I would like the ParseError to contain multiple Message values in the case of multiple failures. 在多个失败的情况下，我希望ParseError包含多个 Message值。 This should be possible due to the existence of the addErrorMessage function. 由于存在addErrorMessage函数，因此这应该可行。 I am not sure hw to supply multiple failure within the Parsec monadic context, before the result is materialized by calling parse . 我不确定在调用parse实现结果之前，如何在Parsec单子上下文中提供多个失败。

Example Function: 示例功能：

fails :: [String] -> ParsecT s u m a
fails = undefined -- Not sure how to define this!

How do I supply multiple 我如何提供多个 Message values to the 的价值观 ParseError result within Parsec's monadic context? 在 Parsec的单子语境中得出结果？

Answer 1

fail in this case is equivalent to parserFail defined in Text.Parsec.Prim : 在这种情况下， fail等效于parserFail定义的Text.Parsec.Prim ：

parserFail :: String -> ParsecT s u m a
parserFail msg
    = ParsecT $ \s _ _ _ eerr ->
      eerr $ newErrorMessage (Message msg) (statePos s)
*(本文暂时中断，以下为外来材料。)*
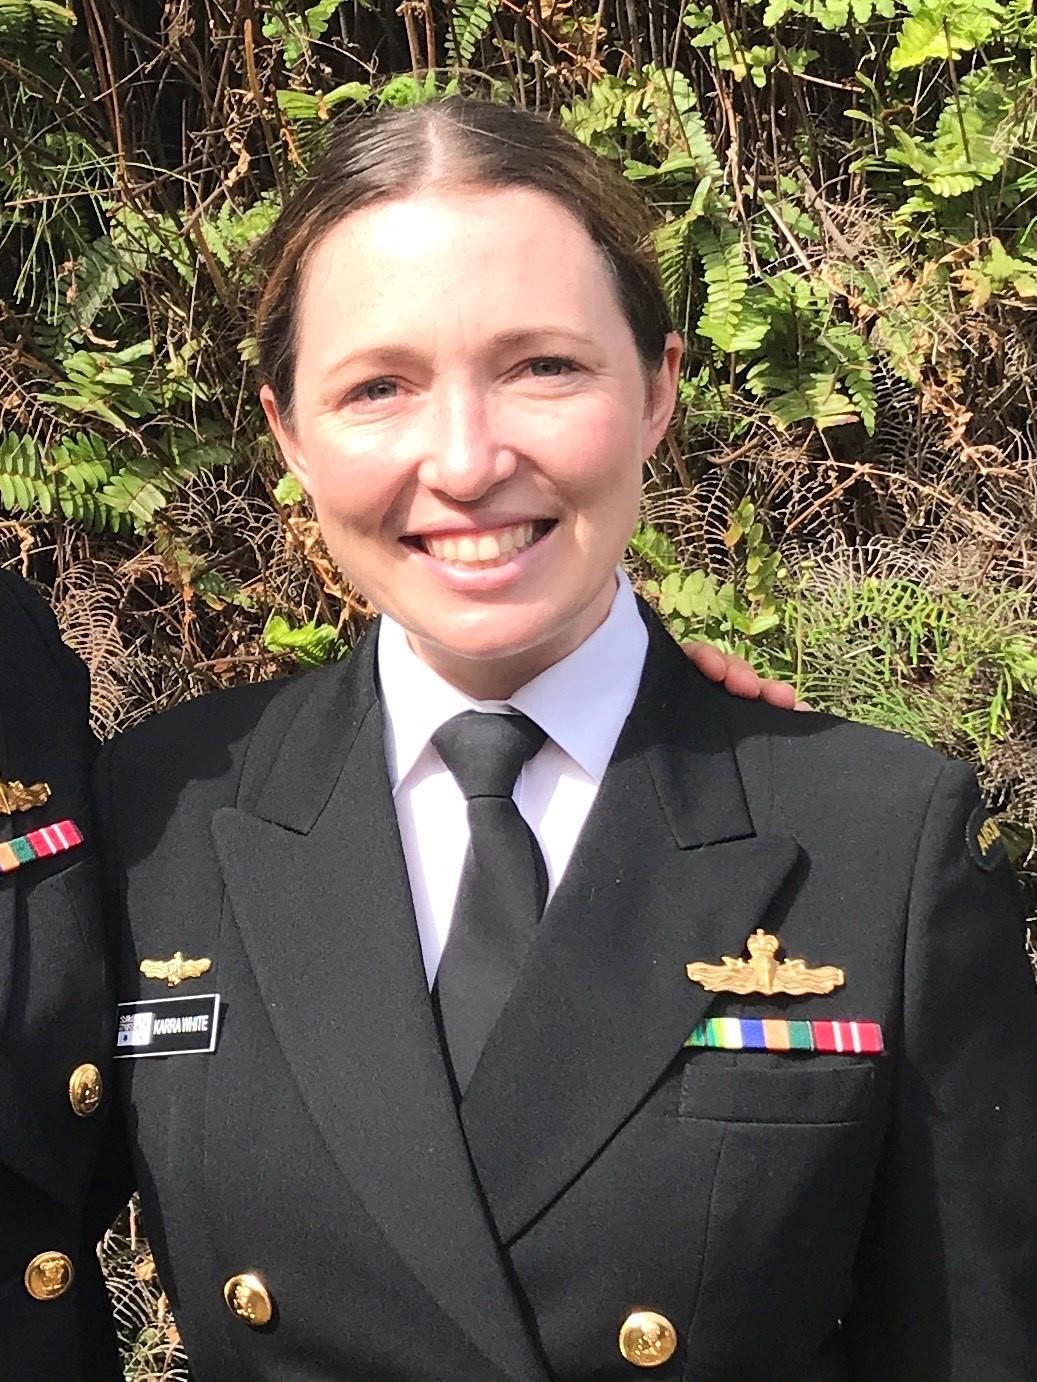 Lieutenant Commander Karra White

Since newErrorMessage and addErrorMessage both create a ParseError , this variation of parserFail should also work: 由于newErrorMessage和addErrorMessage都创造ParseError ，这种变化parserFail也应努力：

parserFail' :: String -> ParsecT s u m a
parserFail' msg
    = ParsecT $ \s _ _ _ eerr ->
      eerr $ theMessages s
where
  theMessages s =
    addErrorMessage (Message "blah") $
      addErrorMessage (Expect "expected this") $
        newErrorMessage (Message msg) (statePos s)

which should push 3 messages onto the error message list. 它将3条消息推送到错误消息列表中。

Also in that module, have a look at label and labels which is the only place where addErrorMessage is used. 同样在该模块中，查看label和labels ，这是唯一使用addErrorMessage地方。 labels is just a multi-message version of the <?> operator. labels只是<?>运算符的多消息版本。 Note how it uses foldr to build up a compound error message: 请注意，它如何使用文件foldr构建复合错误消息：

labels :: ParsecT s u m a -> [String] -> ParsecT s u m a
labels p msgs =
    ParsecT $ \s cok cerr eok eerr ->
    let eok' x s' error = eok x s' $ if errorIsUnknown error
                  then error
                  else setExpectErrors error msgs
        eerr' err = eerr $ setExpectErrors err msgs

    in unParser p s cok cerr eok' eerr'

 where
   setExpectErrors err []         = setErrorMessage (Expect "") err
   setExpectErrors err [msg]      = setErrorMessage (Expect msg) err
   setExpectErrors err (msg:msgs)
       = foldr (\msg' err' -> addErrorMessage (Expect msg') err')
         (setErrorMessage (Expect msg) err) msgs

The only gatcha is that you need access to the ParsecT constructor which is not exported by Text.Parsec.Prim . 唯一的问题是您需要访问不是由Text.Parsec.Prim导出的ParsecT构造Text.Parsec.Prim 。 Maybe you can find a way to use labels or another way around that problem. 也许您可以找到一种使用labels或解决该问题的另一种方法。 Otherwise you could always include your own hacked version of parsec with your code. 否则，您始终可以在代码中包含自己的parsec hacked版本。

Answer 2

We can leverage the fact that ParsecT is an instance of MonadPlus to combine the definition of mzero with the function labels to derive the desired result: 我们可以利用的事实， ParsecT是一个实例MonadPlus来定义结合mzero与功能labels以获得期望的结果：

fails :: [String] -> ParsecT s u m a
fails = labels mzero

Note: The ParseError has many Expect values, not many Message values... 注意： ParseError具有许多Expect值，而没有许多Message值...

Answer 3

I would recommend transitioning from Parsec to newer and more extensible Megaparsec library. 我建议从Parsec过渡到更新和可扩展的Megaparsec库。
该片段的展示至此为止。